By the way, if you've never commuted by bus before, you're missing out on some great benefits like having extra time to read or work and no stressful drive. Imagine... buses with Wi-Fi... now there's a good idea...

Cody said...

I believe the key to this system, initially, will be the light rail connection between Research Park/Bridge Street and Redstone Arsenal. If there is some way to secure a train that takes people onto the arsenal, and if MSFC and the Army provide a way for people to get from the stations on the arsenal to their destinations, then a light rail line would take many cars off the road around the I-565/Research Park Blvd interchange and Gate 9 of the arsenal. The system can be expanded from there.

I fear that the funding will not be in place not only to build the system, but also to maintain it.

Mari said...

This is an excellent idea, and I'm all for it after my stepmother explained it to me. She works for the Huntsville Times and gave me some insight...
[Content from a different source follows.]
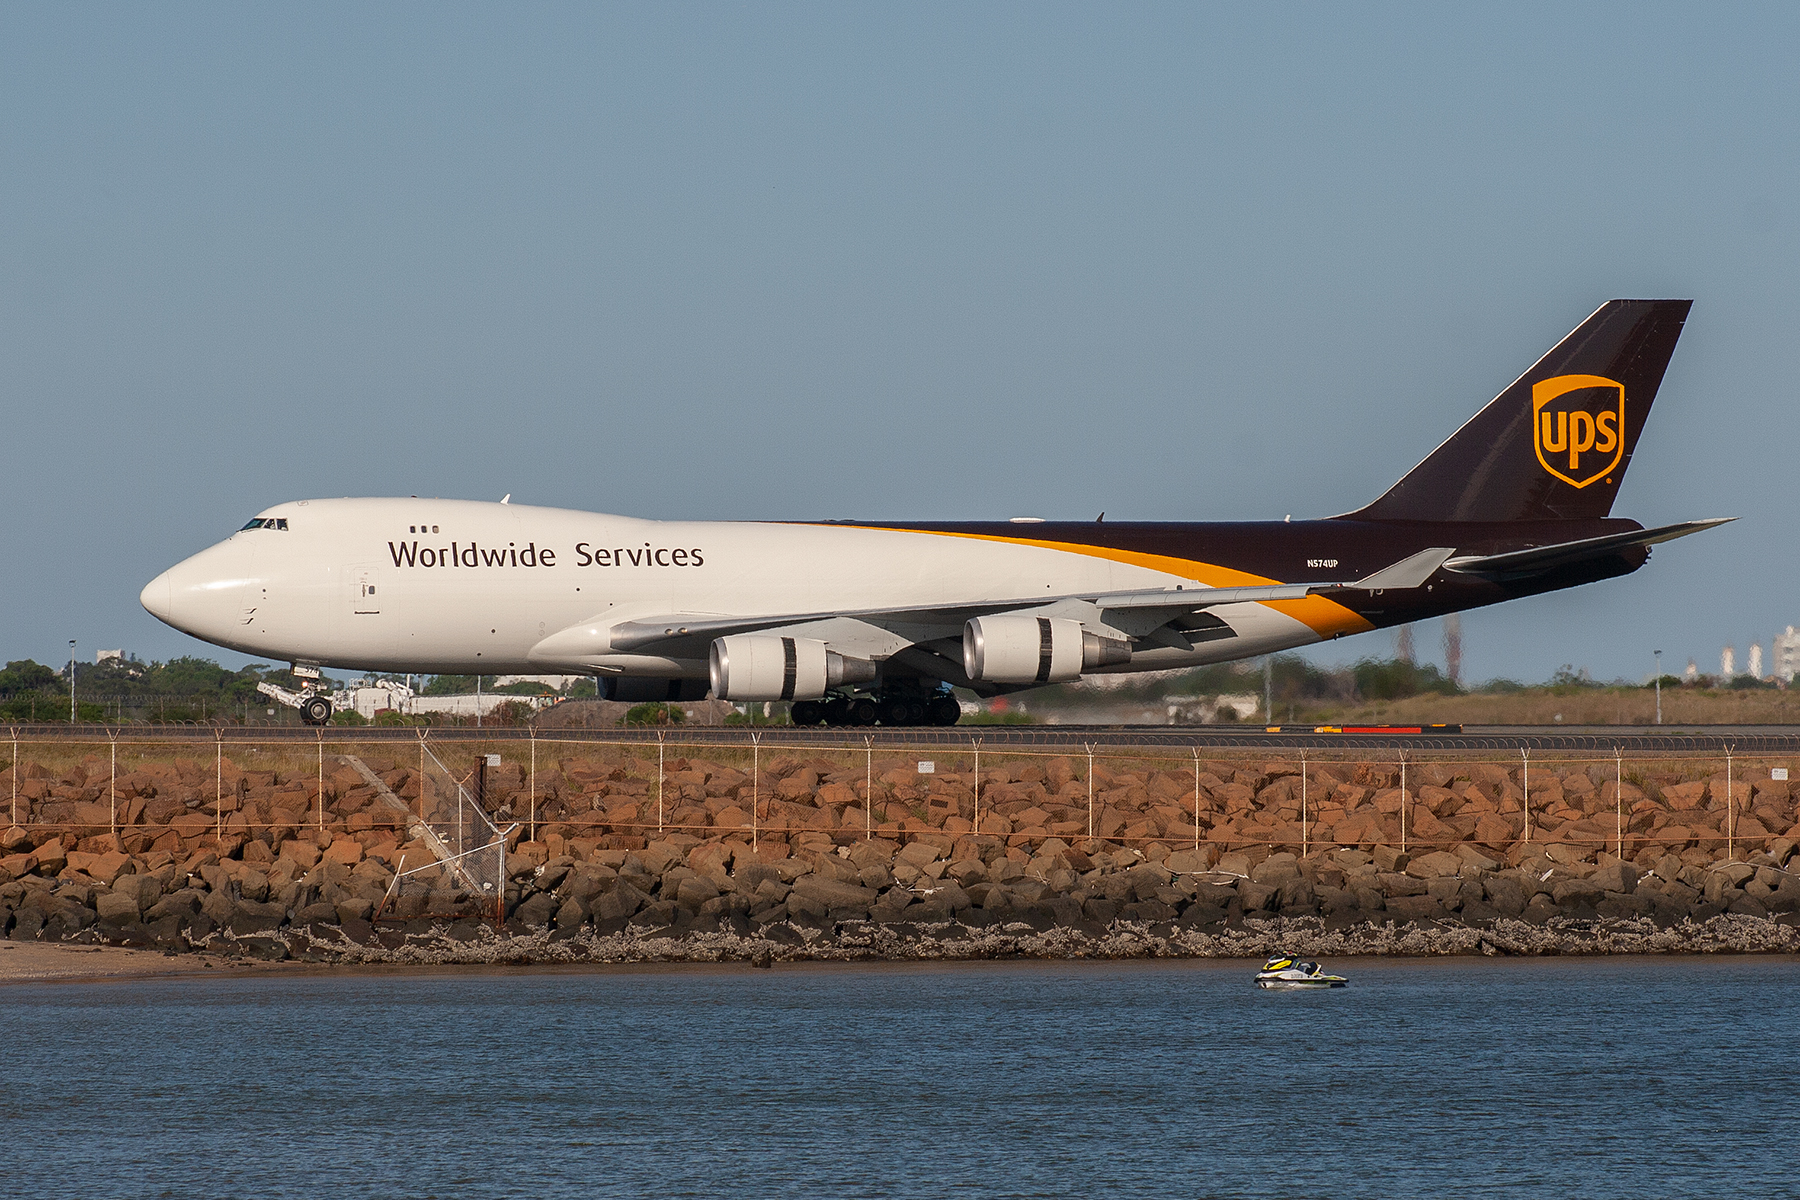 UPS Boeing 747-400F N574UP at Kingsford Smith

She says the problem is that Huntsville, Redstone and Madison cannnot agree with eachother. No one wants to commit first...Redstone has said it will commit to the light rail system idea once Huntsville and Madison do it first. but we all know how Redstone has a history of not being a team player and messing up really good ideas just because they can *coughMemphisHuntsvilleAtlantaSuperhighwaycough*....So basicly, Huntsville and Madison are refusing to commit to this plan without Redstone being on board first, since they're so finicy in the first place and will most likey back out.
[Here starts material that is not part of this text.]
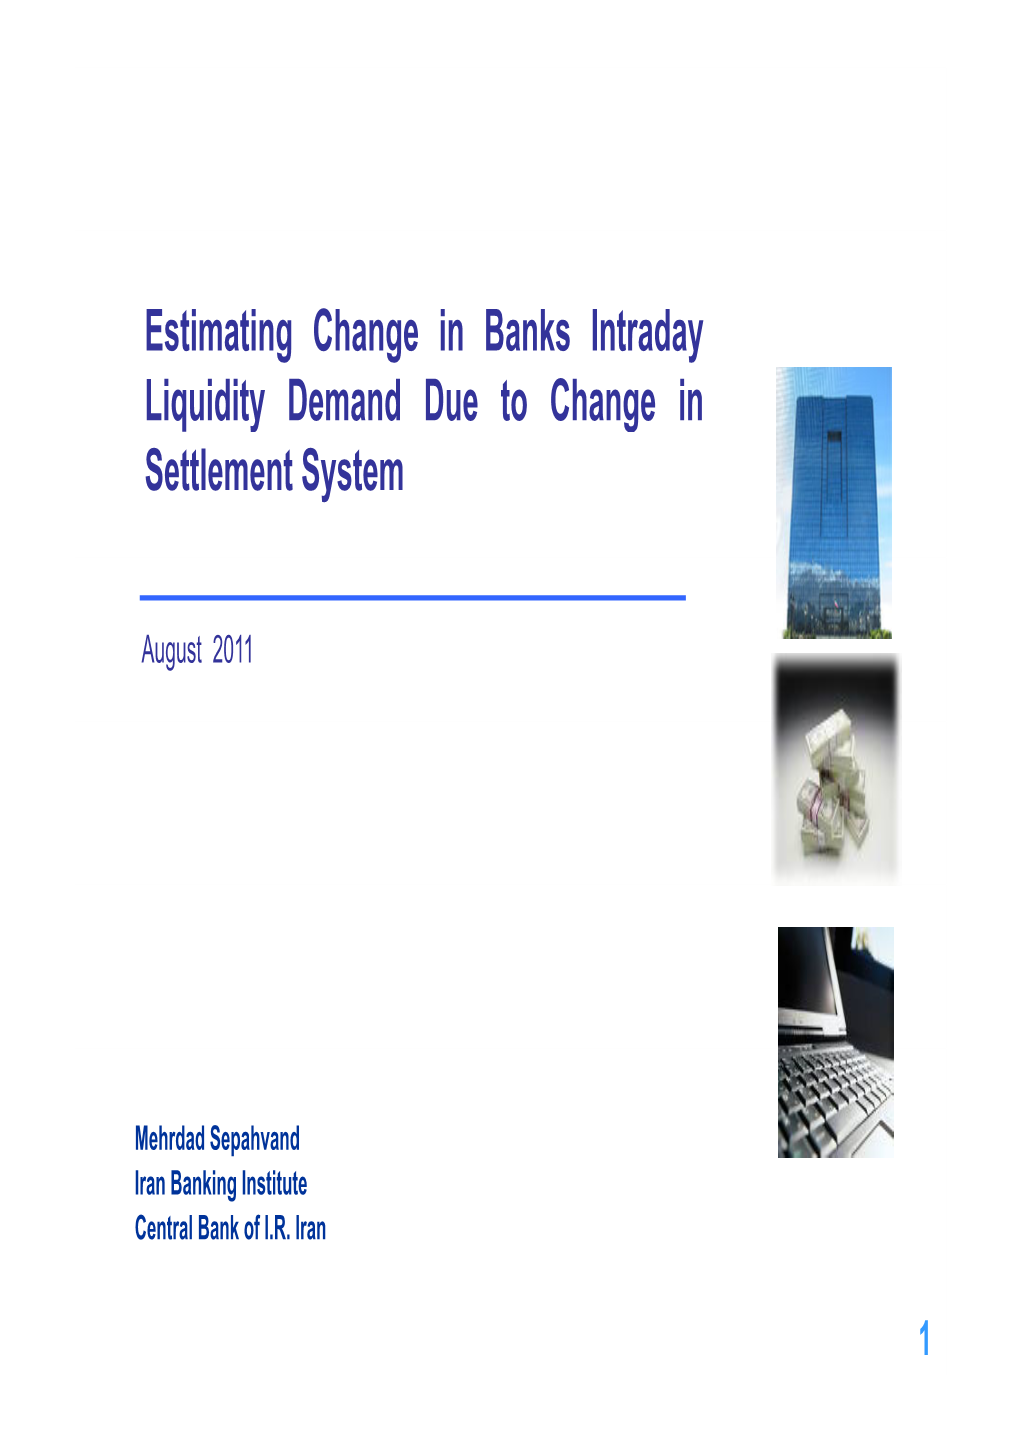 Estimating Change in Banks Intraday Liquidity Demand Due to Change in Settlement System

She said that according to the federal transportation stimulus thingy, everything will be paid for, including the preliminary studies..the only thing we have to pay for is half the cost of each train car. Everyone should just get over themselves and dive in! What a great opporitunity we're messing up for ourselves! I just can't watch us throw away such a great step foward. This could be a good starting point for a light rail system that could connect ALOT of the huntsville areas in a few years! Now if only we could get those dumb yuppies out of their massive hummer SUVs and into the rail cars....

James said...

Huntsville and Madison seem to be getting along a lot better these days, at least better than the Spencer/Kirkindall days. A regional transit system is closer to reality now than it ever has been. Let's just do it right the first time.

We must not forget that our region doesn't include just Huntsville, Madison, and Redstone Arsenal. We'll end up right back to where we are now.